20 years later, September 11 is still a recipe for conspiracy

20 years after September 11, conspiratorial stories about September 11 continue to circulate on the Internet and social networks. Their diffusion is even experiencing a new dynamic with the advent of movements such as Qanon in the United States, whose supporters are convinced of the existence of an all-powerful and evil deep state.

This is the case of Heather Bauer, a young American who was 14 years old in 2001. She is convinced that these attacks are the work of the United States and not of Al-Qaeda.

“I question absolutely everything, and I wonder what is true in everything we are told about history,” said this housewife from Wisconsin, in the northern United States, also convinced that Covid-19 does not exist.

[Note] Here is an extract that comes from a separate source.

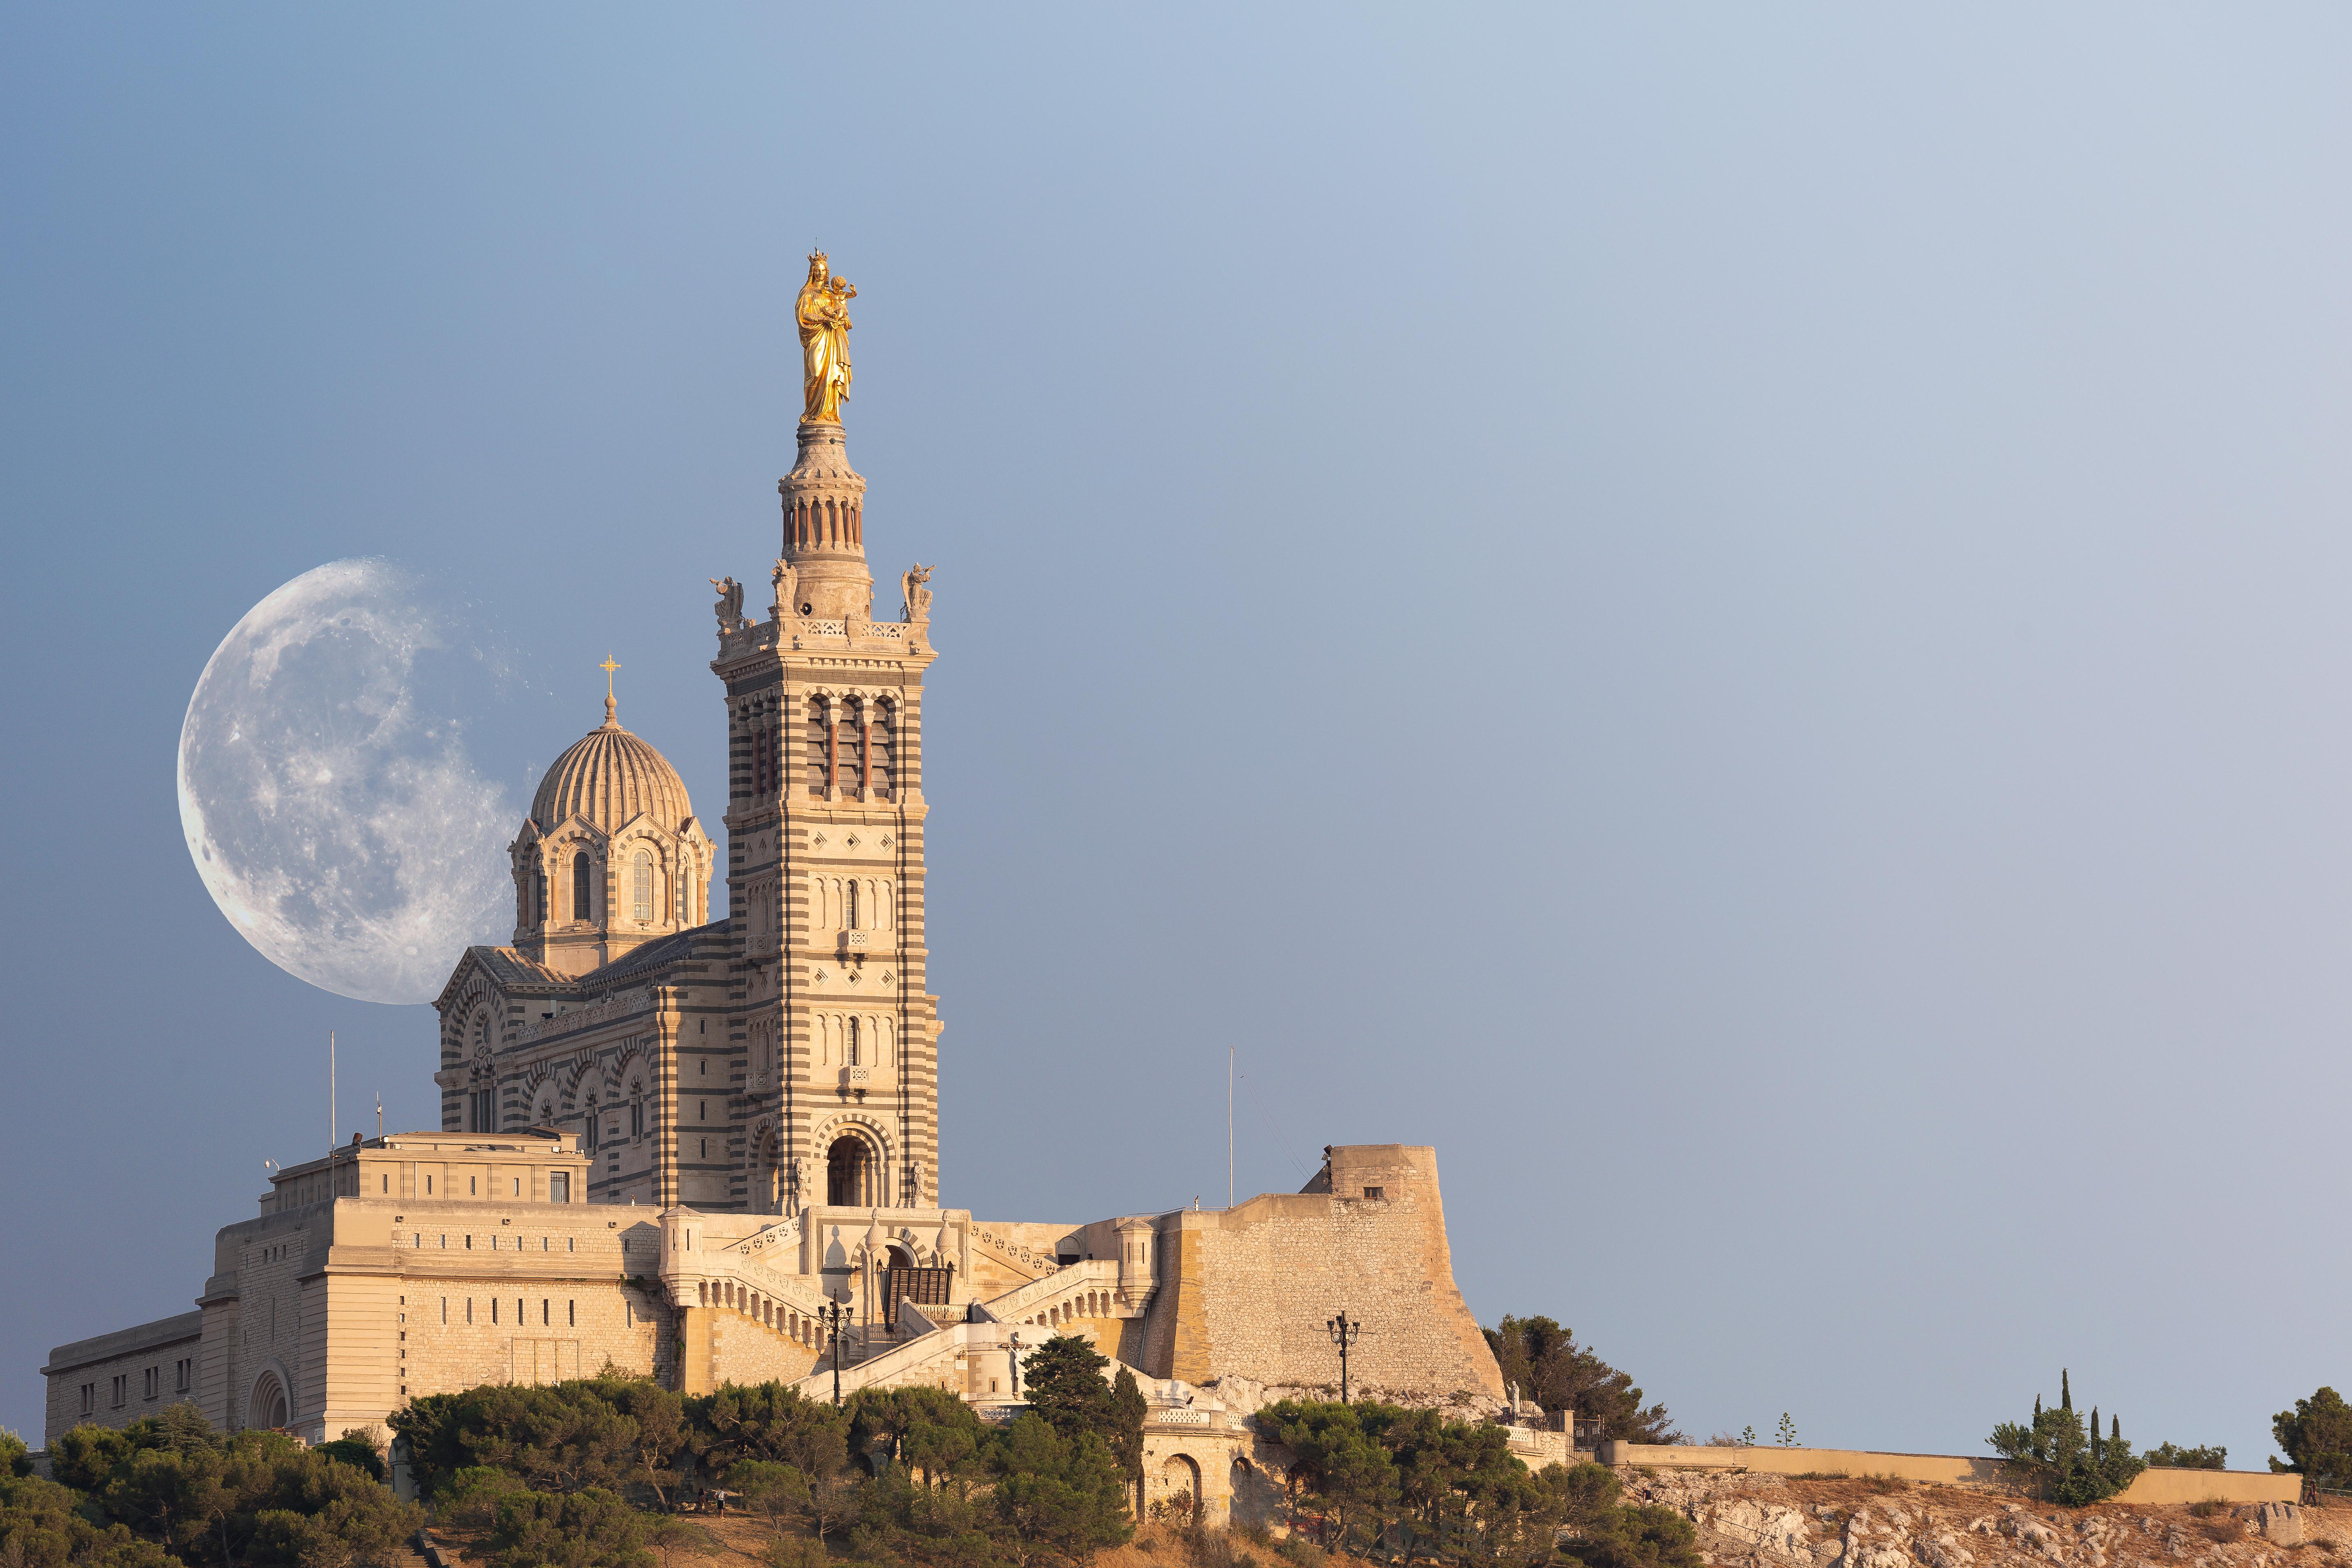 Notre-Dame-de-la-Garde, ein Symbol der Stadt Marseille

For years she believed in “official” version, until she became interested in the conspiracy theories developed by the QAnon movement. She now believes the attacks were orchestrated to justify the Iraq war launched in 2003.

It is part of the movement said for the truth on 9/11, who tirelessly discusses on social media “evidence” that the World Trade Center towers collapsed after a controlled explosion, not because two airliners crashed into them.

One of the explanations often put forward is that “kerosene cannot melt steel bars”, and that it took explosives to bring down the towers so vertically. These allegations, developed in great detail over the past twenty years, have been regularly refuted by the press and documentaries.

Explosion d’internet

Several conferences are organized – with the public – as part of the anniversary to discuss September 11, but also the origins of the coronavirus pandemic and vaccines.

Thus the 17th edition of “9/11 Truth Film Festival”, in Oakland, Calif., aired two documentaries that auditors say are riddled with false information about the virus.

“There are so many things we want to talk about, and we only have eight hours.”, laments Carol Brouillet, organizer of the event and founder of the Alliance for the Truth on 9/11 in Northern California. There is no lack of material. One of the guests, Ken Jenkins, single-handedly produced dozens of DVDs on the attacks, according to the festival’s website.

9/11 conspiracy theories were the first to benefit from the internet explosion and spread much faster than older theses, such as those on the Internet.assassination of President Kennedy or the foot of Neil Armstrong on the Moon. “America is a remarkably conspiratorial country”, launches Garrett Graff, journalist and author of a book on the subject.

De l’anthrax au Covid

These theories “arose at the precise moment when social networks or online media like YouTube enabled people to communicate their ideas in a convincing way”, he said.

The Commission of Jurists for an Inquiry into 9/11 is organizing an online conference for the 20th anniversary, which will also discuss Covid-19.

The event is named “from 9/11 anthrax to pandemic”, in reference to the envelopes containing this deadly substance sent to politicians and journalists for a few weeks in September 2001.

For Mick Harrison, organizer, the fight against the official version of the attacks is a civic duty. “I am trying to improve this country by making the government more democratic, more accountable and more transparent”, he says

President Joe Biden’s decision to declassify certain documents investigation of the attacks, and the possible responsibility of Saudi Arabia, could dispel doubts … or revive conspiracy theories.